== Exercise data

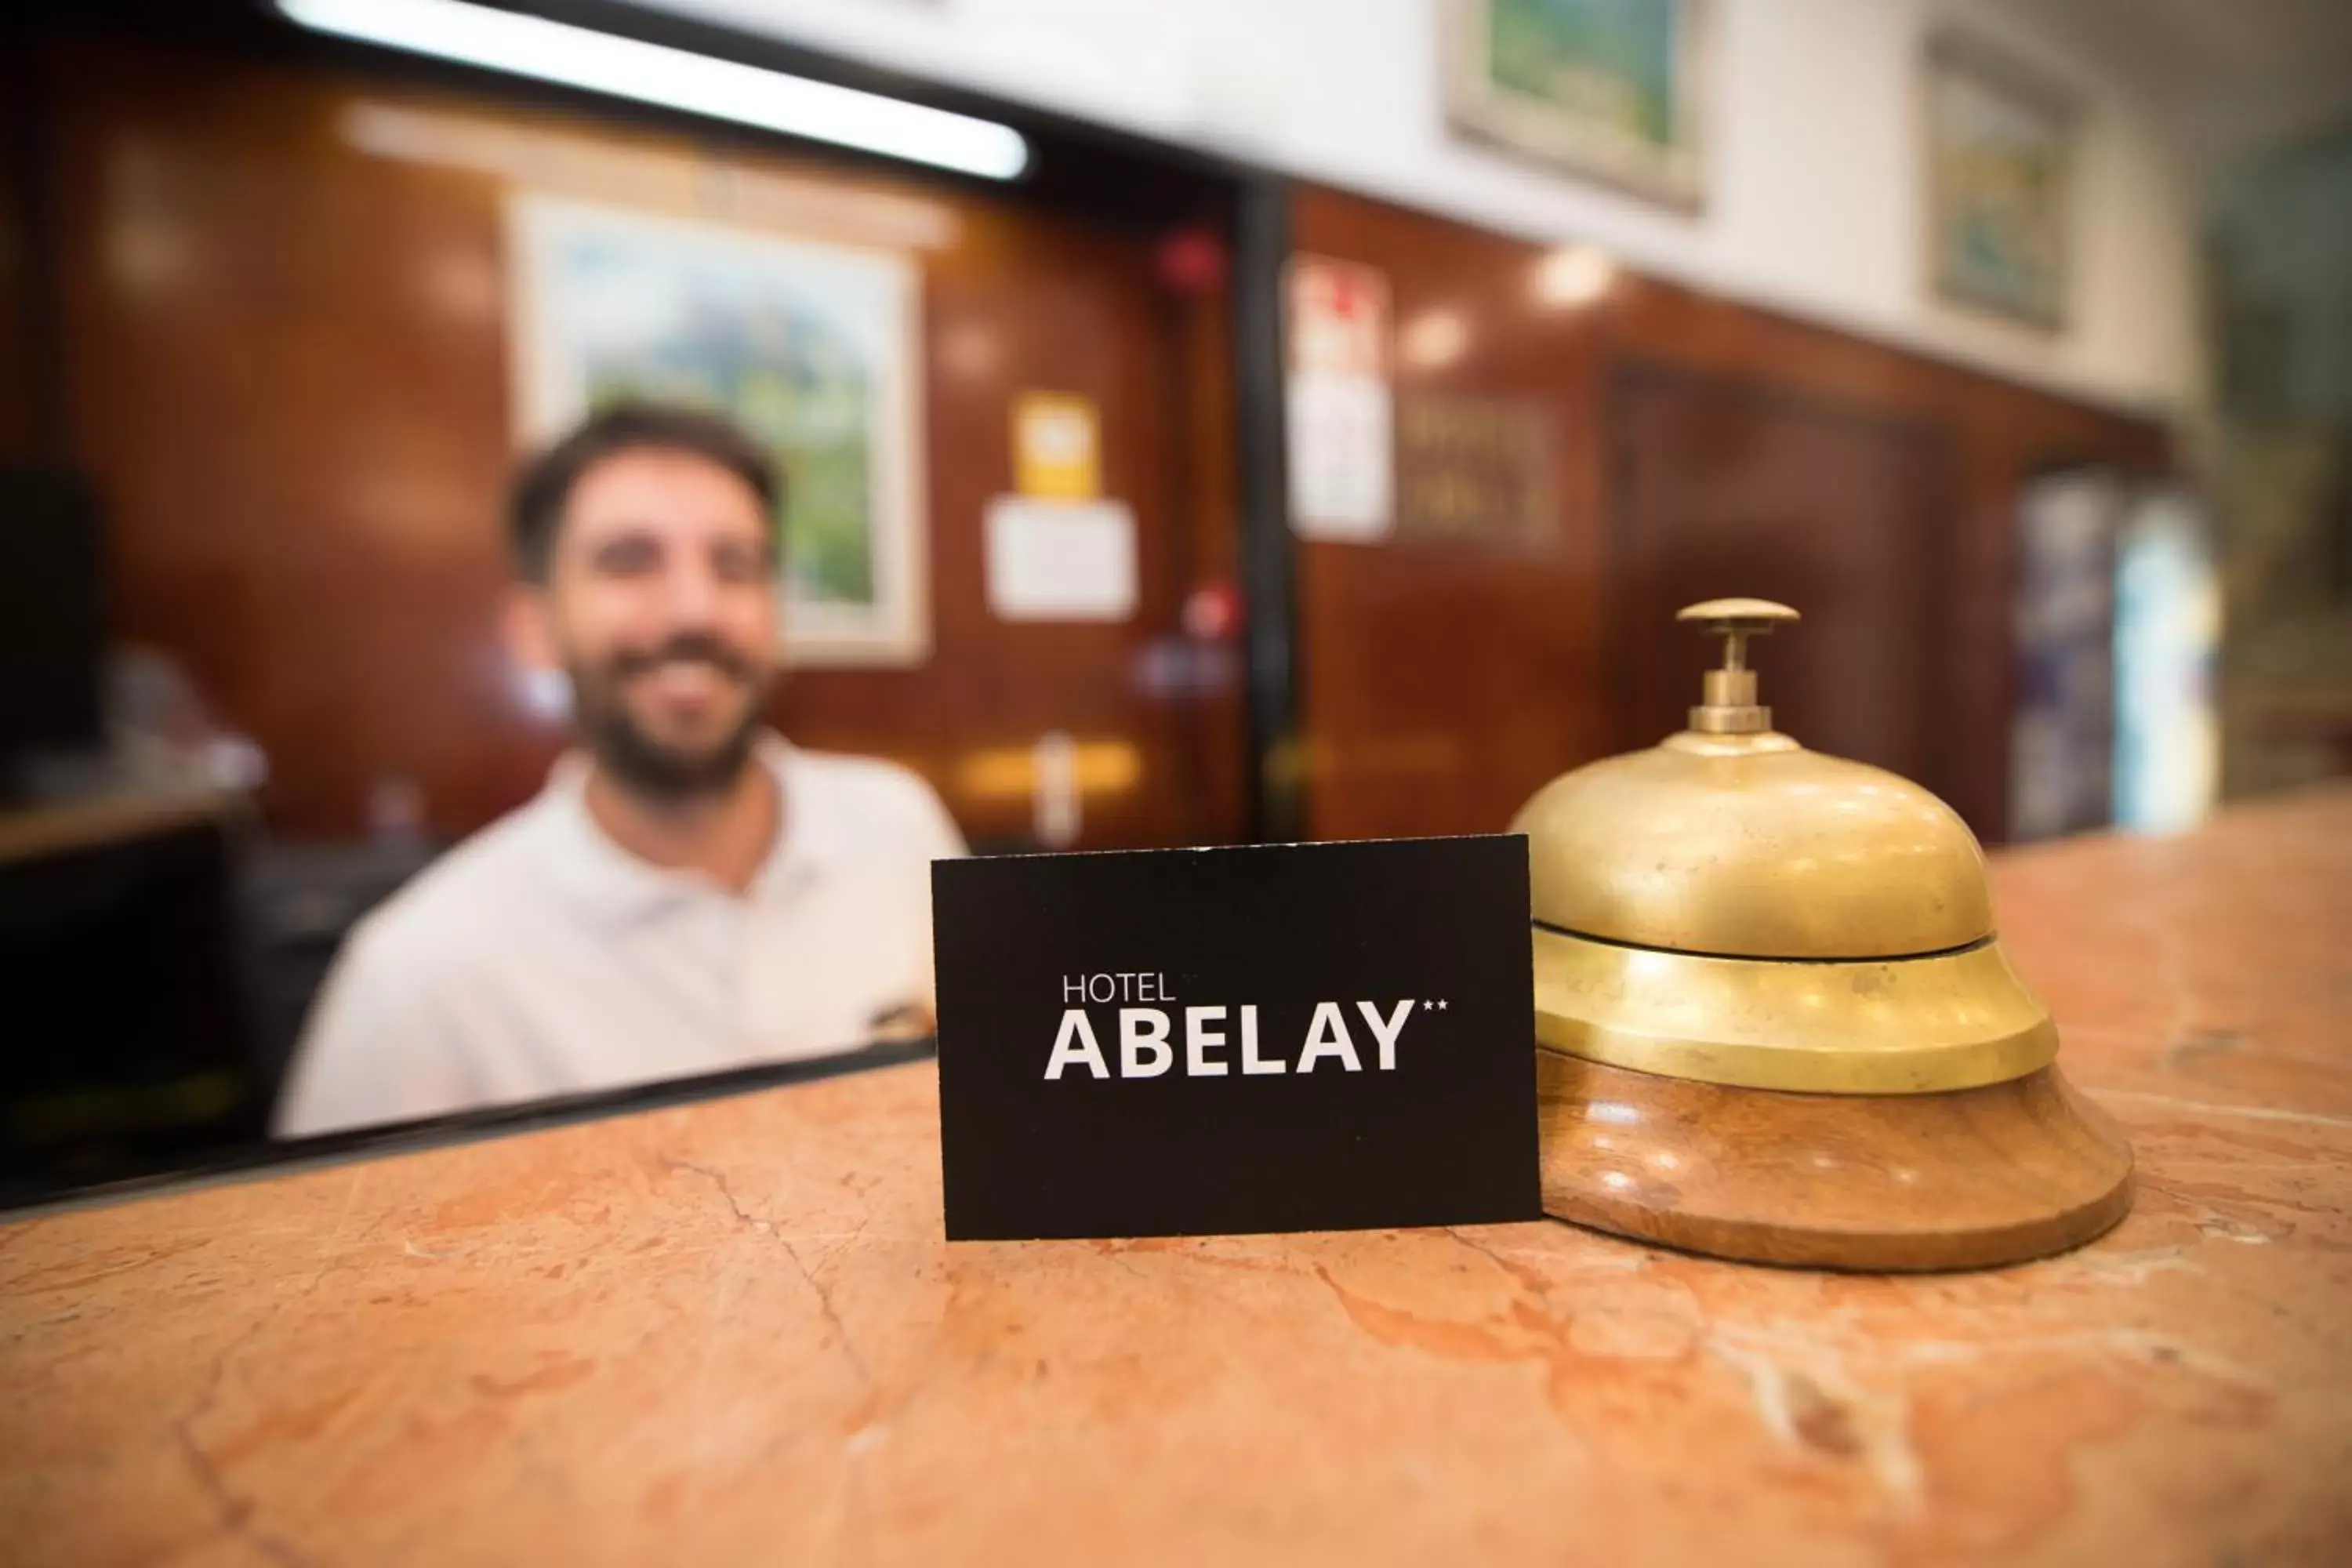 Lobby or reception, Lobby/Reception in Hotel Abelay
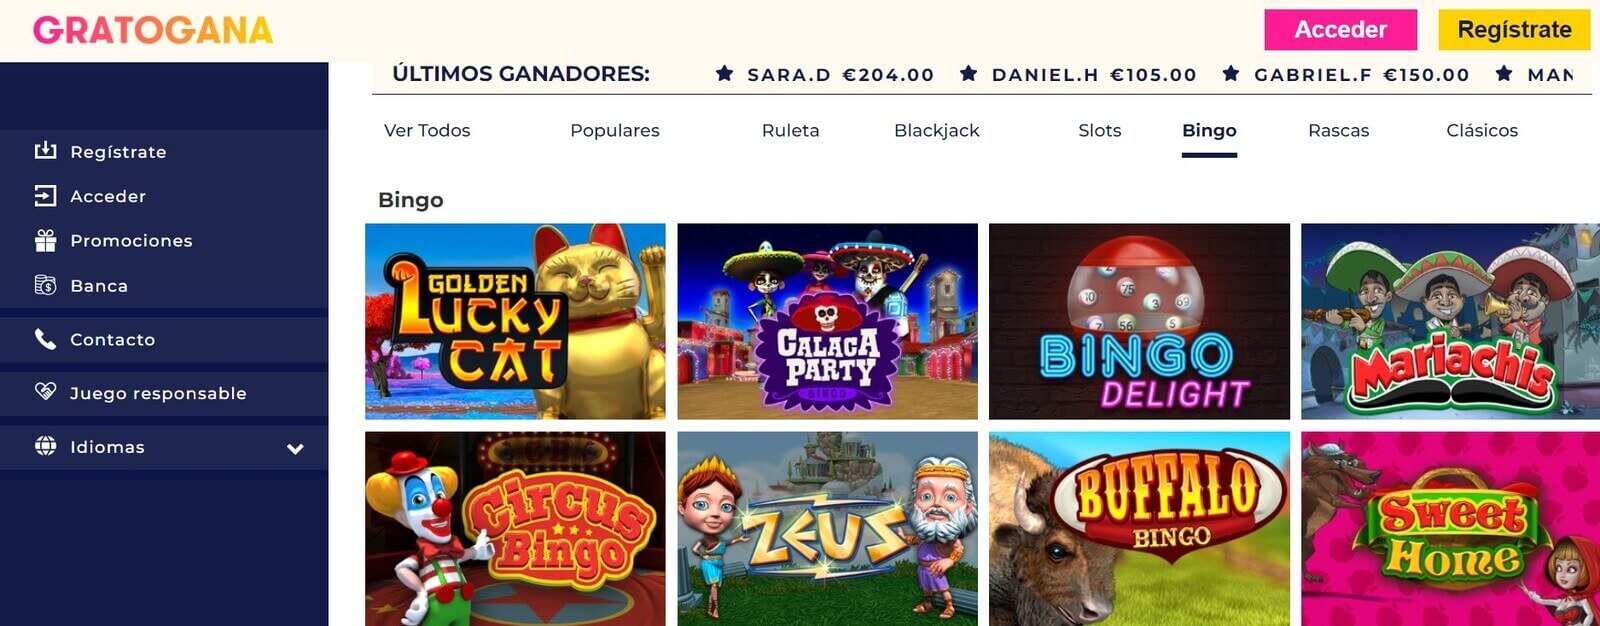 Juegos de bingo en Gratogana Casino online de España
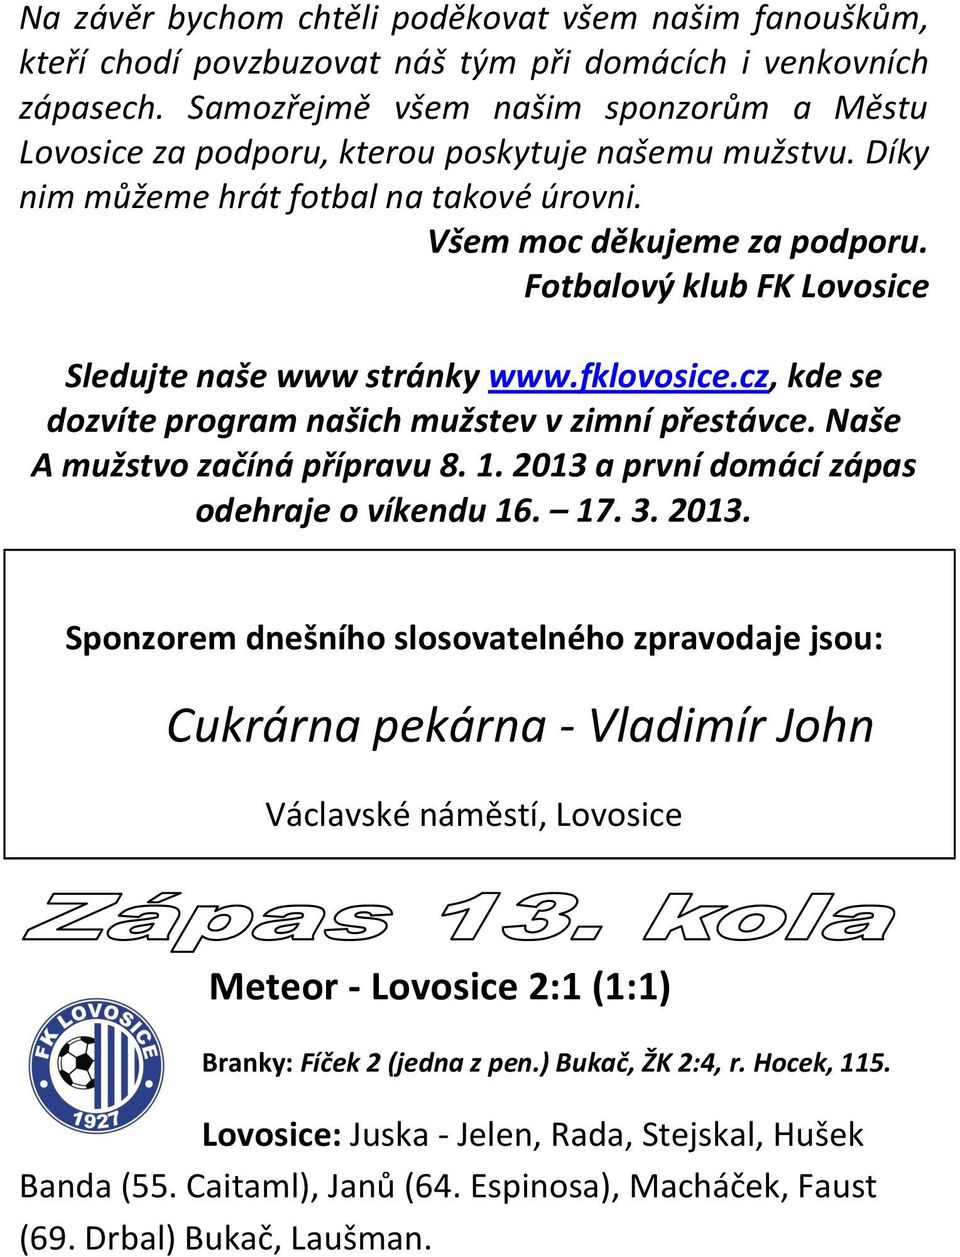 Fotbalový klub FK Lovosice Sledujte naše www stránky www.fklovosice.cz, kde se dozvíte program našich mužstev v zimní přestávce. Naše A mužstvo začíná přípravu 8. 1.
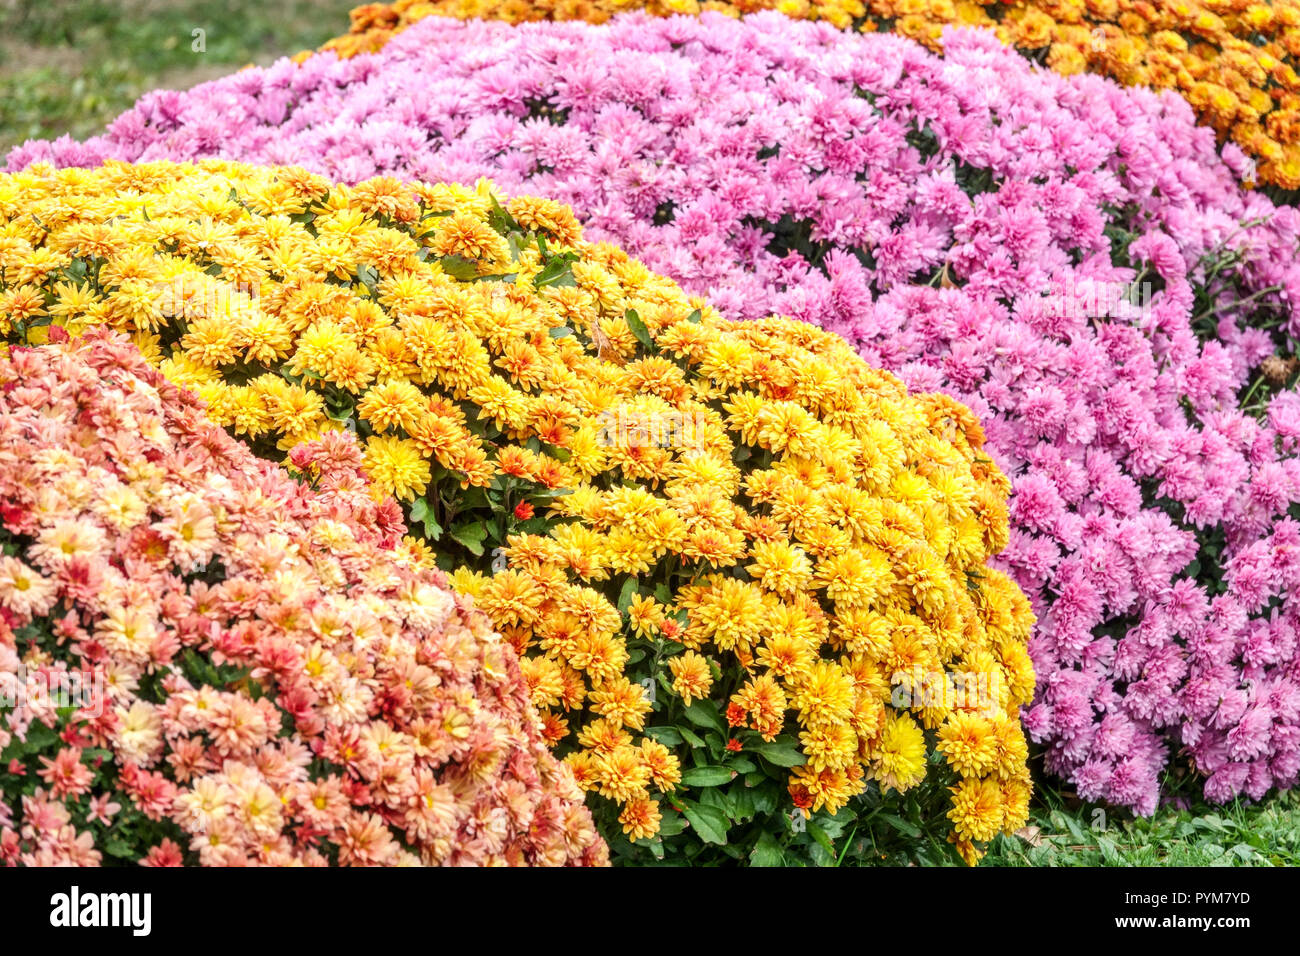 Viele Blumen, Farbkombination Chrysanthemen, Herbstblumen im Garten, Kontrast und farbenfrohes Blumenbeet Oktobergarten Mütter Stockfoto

====

What you will do:
Print the material again word for word. Please drop every picture.

Exercise answer:
 Lobby or reception, Lobby/Reception in Hotel Abelay
 Juegos de bingo en Gratogana Casino online de España
 Fotbalový klub FK Lovosice Sledujte naše www stránky www.fklovosice.cz, kde se dozvíte program našich mužstev v zimní přestávce. Naše A mužstvo začíná přípravu 8. 1.
 Viele Blumen, Farbkombination Chrysanthemen, Herbstblumen im Garten, Kontrast und farbenfrohes Blumenbeet Oktobergarten Mütter Stockfoto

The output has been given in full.